Chelidonine Changes the Gene Expression of Human Pancreatic Cancer Cells

To determine the genes potentially involved in the anti-cancer activity of chelidonine, we conducted RNA-sequencing of BxPC-3 and MIA PaCa-2 cancer cells treated with 0.7 µM chelidonine for 24 hours. Out of the 24,424 unique genes tested, 885 genes were expressed in the treated cells, among which 398 were upregulated and 487 were downregulated.

Based on gene expression analysis, we categorized genes that play a crucial role during apoptosis. Using an Excel-based differentially expressed gene analysis (ExDEGA) program, we put together the biological functional features. With the Multiple Experiment Viewer (MeV) tool and hierarchical cluster analyses, the apoptosis-related genes up- and downregulated by 2-fold in chelidonine treated BxPC-3 and MIA PaCa-2 cells were analyzed. The heat maps and hierarchical cluster analysis showed 7 genes affected by chelidonine treatment, among which 4 genes were upregulated and 3 genes were downregulated. As shown in Figure 3, chelidonine triggered apoptosis through cyclin-dependent kinase inhibitor 1A (CDKN1A), which encodes the p21 protein. An increase in GADD45a expression was also found in both BxPC-3 and MIA PaCa-2 cells.

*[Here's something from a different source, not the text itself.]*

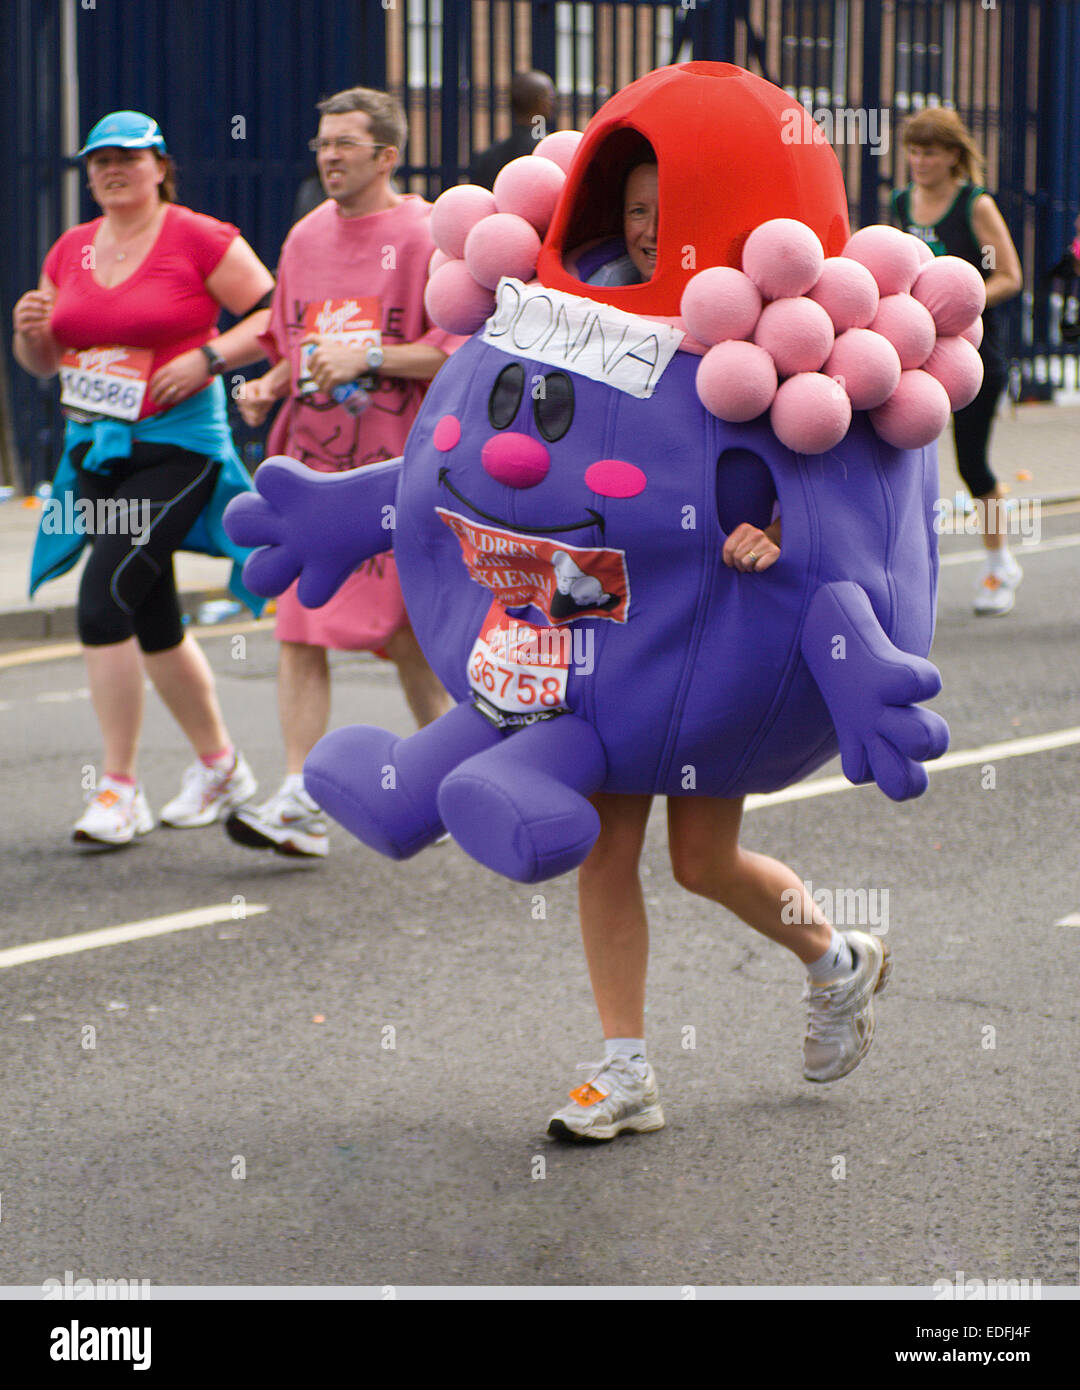 A runner in the London Marathon has made life difficult for herself by wearing a very unwieldy costume. Stock Photo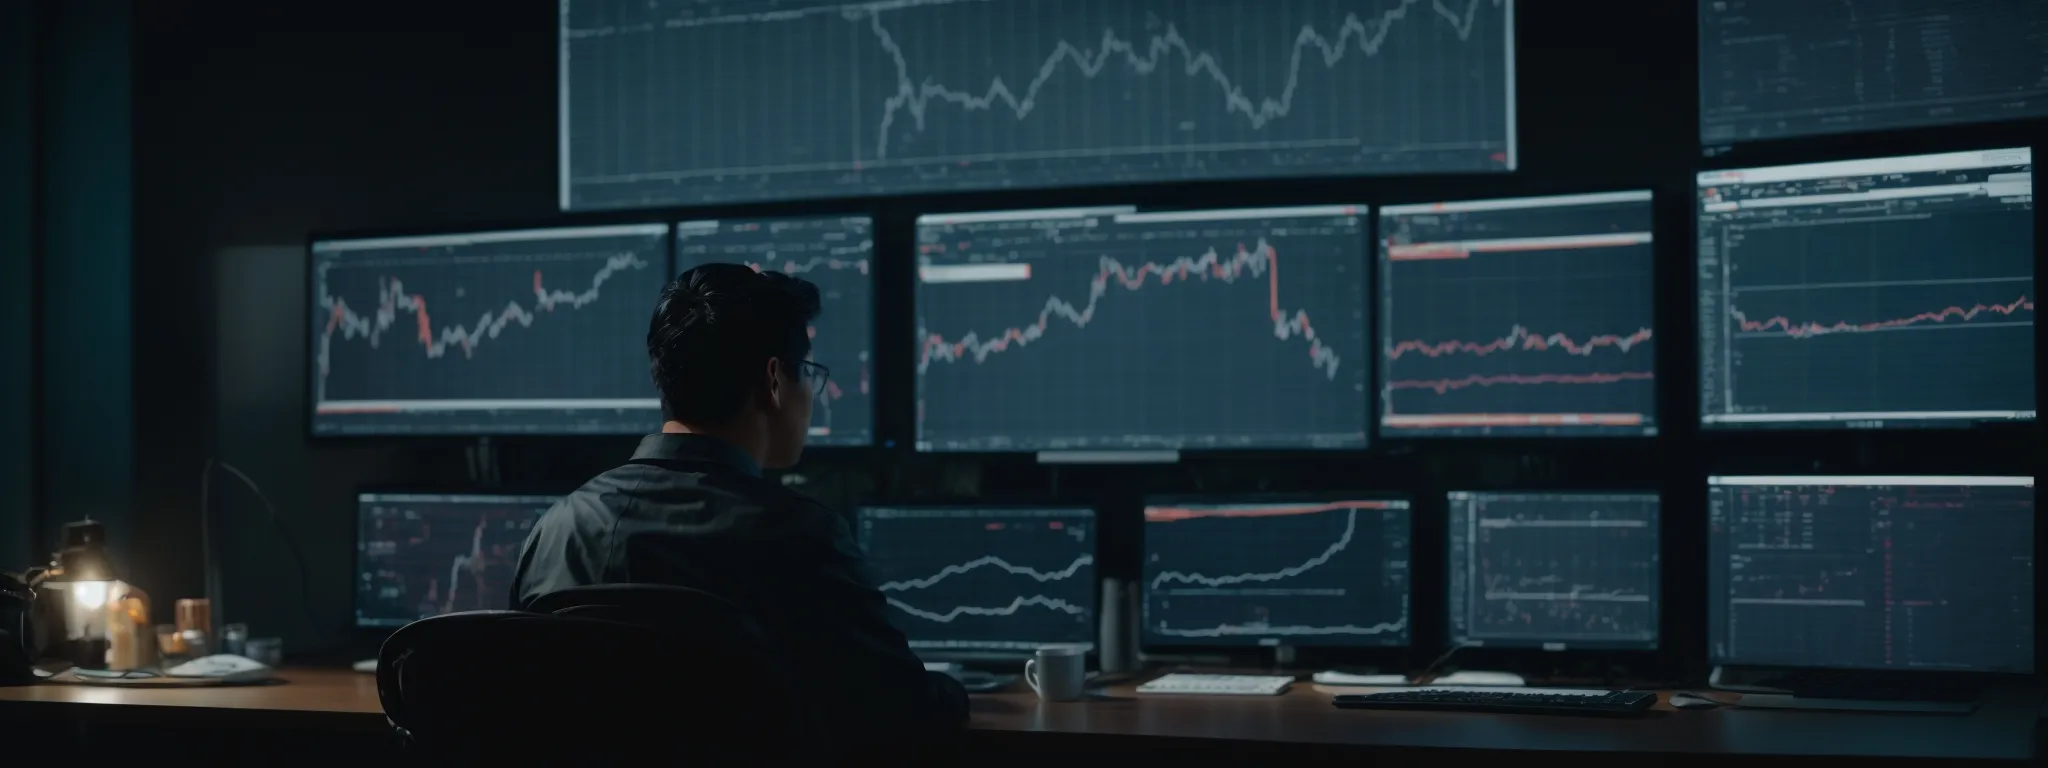 a person sitting comfortably while intently analyzing complex data charts on a computer screen, symbolizing strategic seo optimization.

Figure 3. — RNA sequencing analysis to identify alteration in gene expression and signal network by chelidonine. (A) Hierarchical gene clustering was generated with the TM4 Microarray Software Suite (MeV) from chelidonine-treated BxPC-3 and MIA PaCa-2 pancreatic cancer cells. The red and blue colors represent genes that were up- and down-regulated, respectively, by more than 2.5-fold. The ratios of gene profiles are presented as a heat map (left panel) and gene expression pattern (right panel). (B) Combined screenshots from the STRING website, showing results obtained upon entering a set of 7 proteins suspected to be involved in the apoptotic process (Gene Ontology (GO) analysis) and cell cycle pathway (KEGG pathway). The insets show the accessory information available for a single protein, a reported enrichment of functional connections among the set of proteins, and statistical enrichments detected in functional subsystems. (C) GO and KEGG pathway analysis on protein–protein interactions. Enriched functions were selected, and the corresponding protein nodes in the network were automatically highlighted.

From these results, we analyzed protein-protein interactions and gene ontology using the STRING database. Here, we found correlations between the 7 genes, including the interaction between CDKN1A and GADD45a. Chelidonine treatment modulated the regulation of the apoptotic process through the cyclin binding mechanism (GO: 0006915; false discovery rate P = 4.59e−07: Cyclin-dependent kinase 1(CDK1), CDKN1A, GADD45A, Integrin subunit beta 3 binding protein (ITGB3BP), Protein phosphatase 1 regulatory subunit 15A (PPP1R15A), Transforming growth factor beta receptor 1 (TGFBR1), and DNA Topoisomerase II Alpha (TOP2A)).

Chelidonine Treatment Upregulates p53 Transcription Factor Activity

To investigate transcriptional factor regulation by chelidonine in pancreatic cancer cells, we performed transcription network analysis. Transcriptional factor activation can be detected through the lentivirus-included transcription factor binding sequence. As shown in Figure 4, chelidonine treatment upregulated p53 transcriptional activity in both BxPC-3 and MIA PaCa-2 cells during 48 hours. In BxPC-3 cells, the activity of Yin Yang1 (YY1), hepatocyte nuclear factor 1 homeobox A (Hnf1a) and Serum response factor (SRE) was decreased, whereas the transcription factors of BCL11B, Hypoxia-inducible factor 1 (HIF1), Nuclear factor of activated T-cell (NFAT) and ETS translocation variant 4 (ETV4) were activated (Figure 4A). However, in MIA PaCa-2 cells, transcription factors BCL11B and NFAT were downregulated by chelidonine treatment, whereas p53 activity was increased (Figure 4B). Chelidonine treatment induced the activity of NFAT and BCL11B in BxPC-3 cells, but not in MIA PaCa-2 cells. The transcription network analysis results indicated that chelidonine treatment triggered p53 transcriptional factor activation in BxPC-3 cells as well as in MIA PaCa-2 cells.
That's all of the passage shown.